After reading this article and reflecting on my own experiences and habits, my rule of thumb would be "choose the best of those with second-tier popularity." It's common that the most popular isn't the best, has advantages in numbers, but also disadvantages like low S/N ratio.

Many of the pitfalls of a scarcity are avoided, and can sometimes find a well-organized, curated, cultured pocket of enlightenment.

karmakaze | 6 years ago

Programmers who believe just one stack is the right way to do things aren't probably the best hires long term.

While Tech evolves, being able to work with what exists and the future remains incredibly valuable.

j45 | 6 years ago

I see that the current version is 0.18. Curious if the language has become more stable with fewer breaking changes than when I looked at it two years ago.

brudgers | 6 years ago
[deleted]
| 6 years ago

Can rewrite the example from the post:

  uniqueAuthors =
              books
                  |> List.map .authors
                  |> List.concat
                  |> Set.fromList
                  |> Set.size
as

  uniqueAuthors =
              books
                  |> List.concatMap .authors
                  |> Set.fromList
                  |> Set.size
nivertech | 6 years ago
[deleted]
| 6 years ago

Is it true that Elm is going to remove custom operators in the next release?

yawaramin | 6 years ago

Yep, we are on ELM

pixelpp | 6 years ago

I feel unpopular languages are best relegated for niche use cases the language is well suited for. If you are going to build something mundane like a CRUD App or a game, or an ERP, why wouldn't you just use some mundane blue-collar language like Javascript or its equivalent?
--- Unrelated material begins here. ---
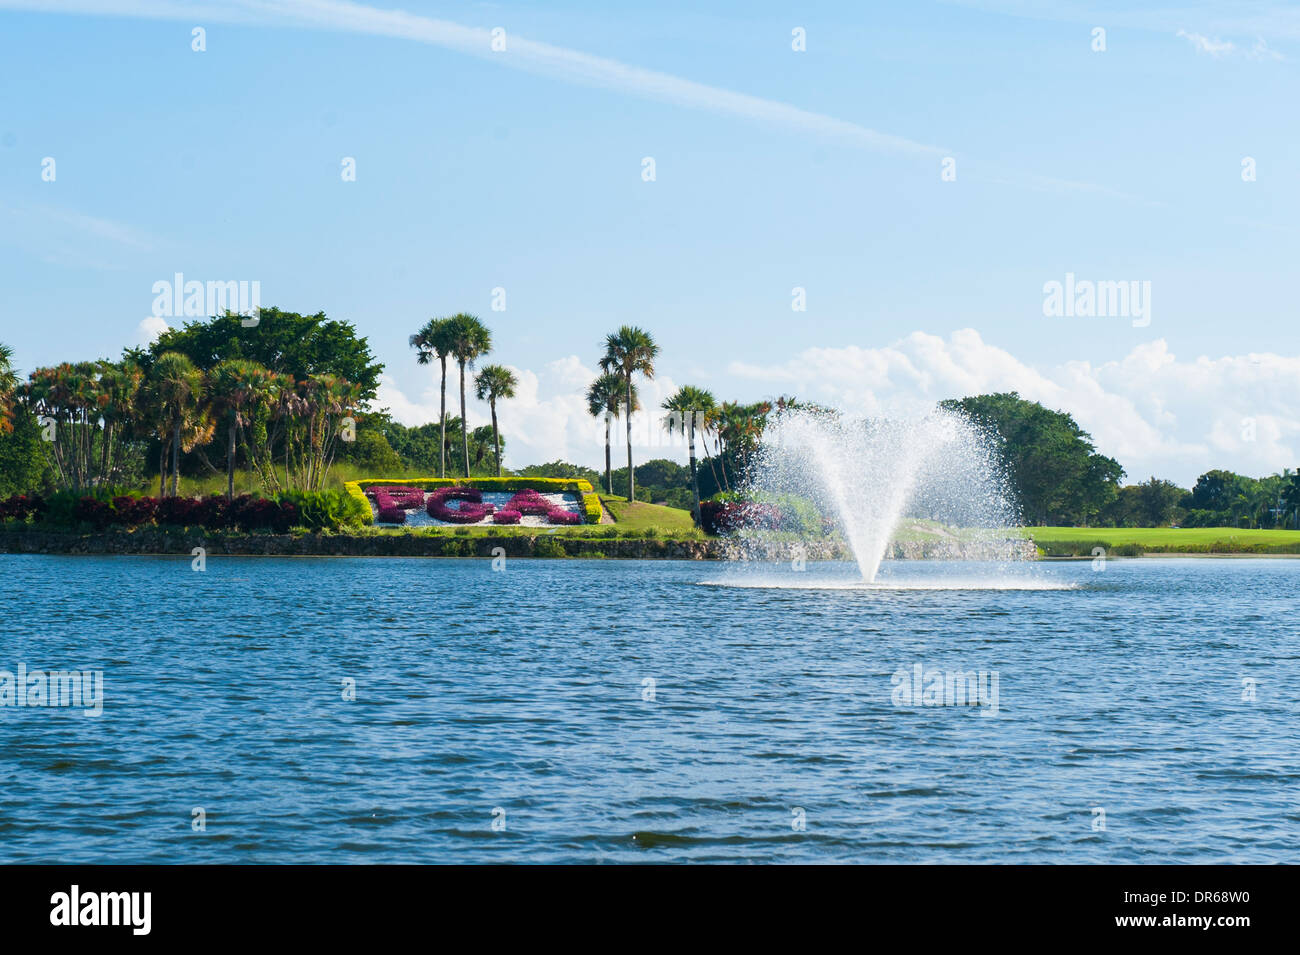 USA Florida PGA National Golf Course Palm Beach Gardens disposent d'eau du lac fontaine ciel bleu arbres fleurs gazon Banque D'Images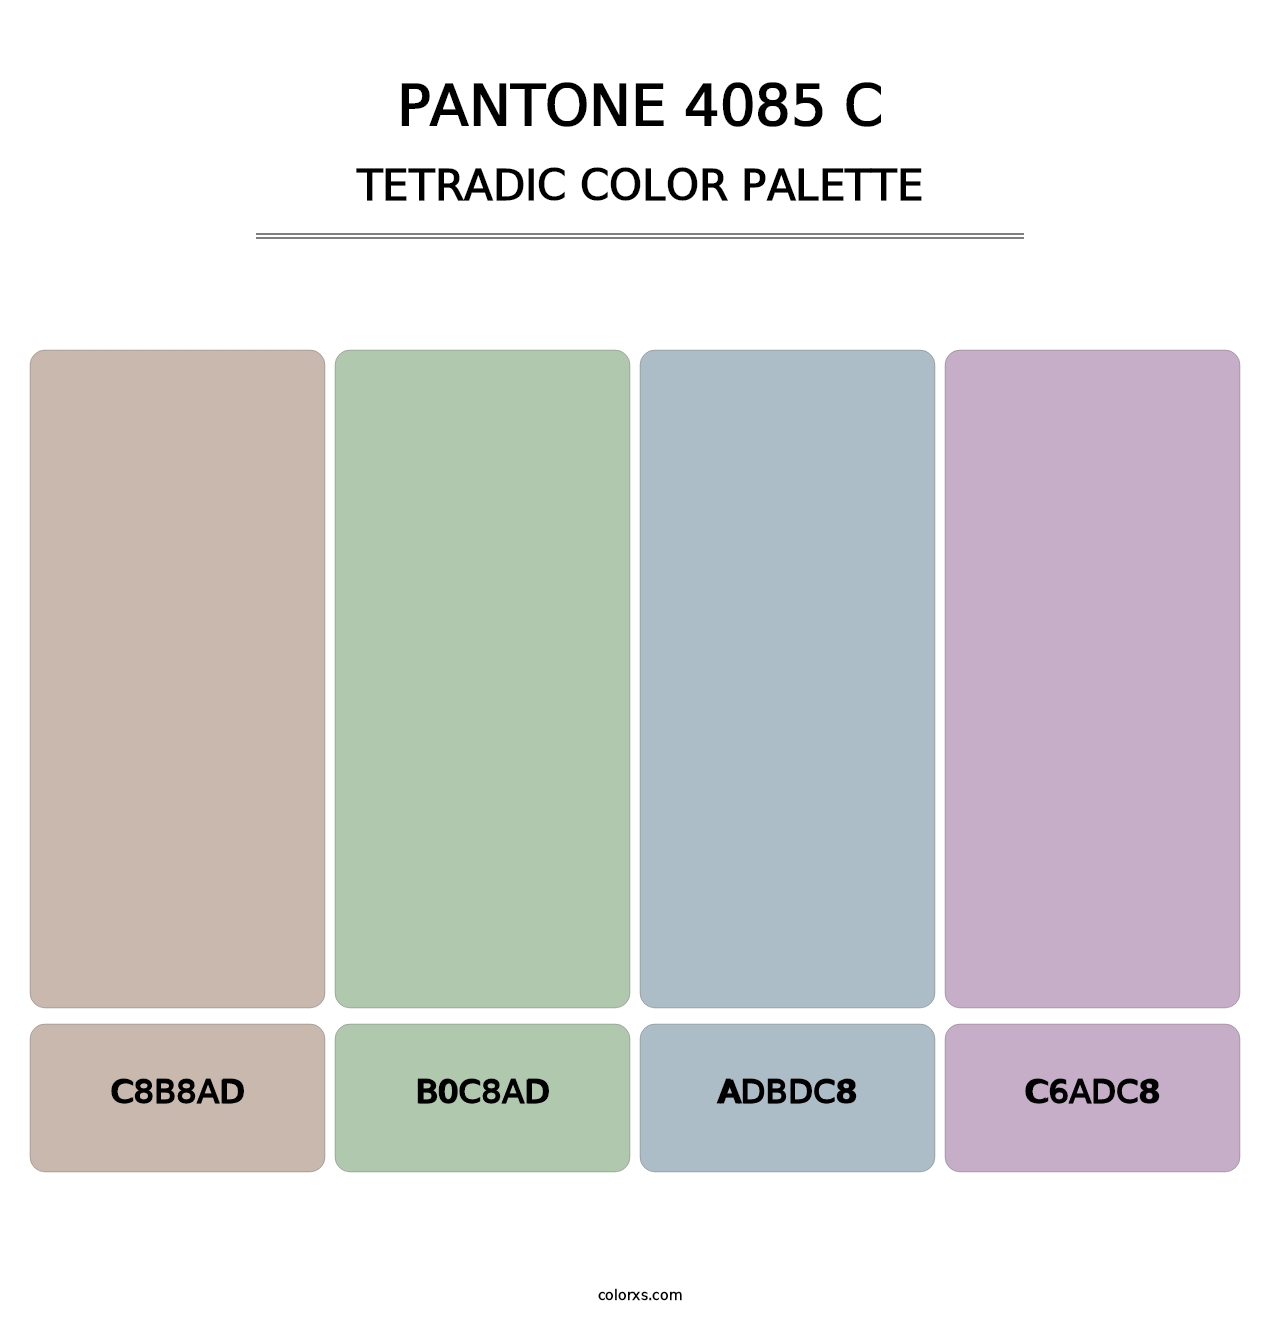 PANTONE 4085 C - Tetradic Color Palette

What you are doing isn't new or groundbreaking, so why bother bringing in extra drama and ceremony by using a language very few people use to achieve the same result? Just seems like added complexity for no reason, even if the code looks simple with the first pass.

matte_black | 6 years ago

>I made it a hard and fast rule: if I found two technologies that could solve a problem, I would choose the one more people were using. I didn’t want to include an obscure graphics API and then discover that no one had ever called set_color() followed by resize_window() (resizing is hard) and somehow those two functions in sequence cause a segfault. I don’t want to be the guy that finds a bug in the compiler. I just need to ship the product.

Then he links to issues for Qt and Go. They're certainly not obscure. What kind of weird argument is this? If anything, the argument there is that it doesn't matter how popular something is, as even extremely popular things like Qt and Go will still have bugs.

alphaalpha101 | 6 years ago

Nowadays it's really easy enough to use real Haskell in the browser with GHCJS, and FRP libraries like Reflex provide a much more complete experience than Elm's restricted form.

kmicklas | 6 years ago

Queue the Alan Kay "programming is pop culture" quotes.

OP sees the world through a tribalistic lens.

And has an experience much like the extreme-leftist (those haskell snobs) turned Trump supporter (I've found my one true family! Forget the others!).

platz | 6 years ago

I used to use Elm, then I moved to Pine, then Mutt (which is still going strong)

I guess there's only so many names in the world, and they're bound to be reused.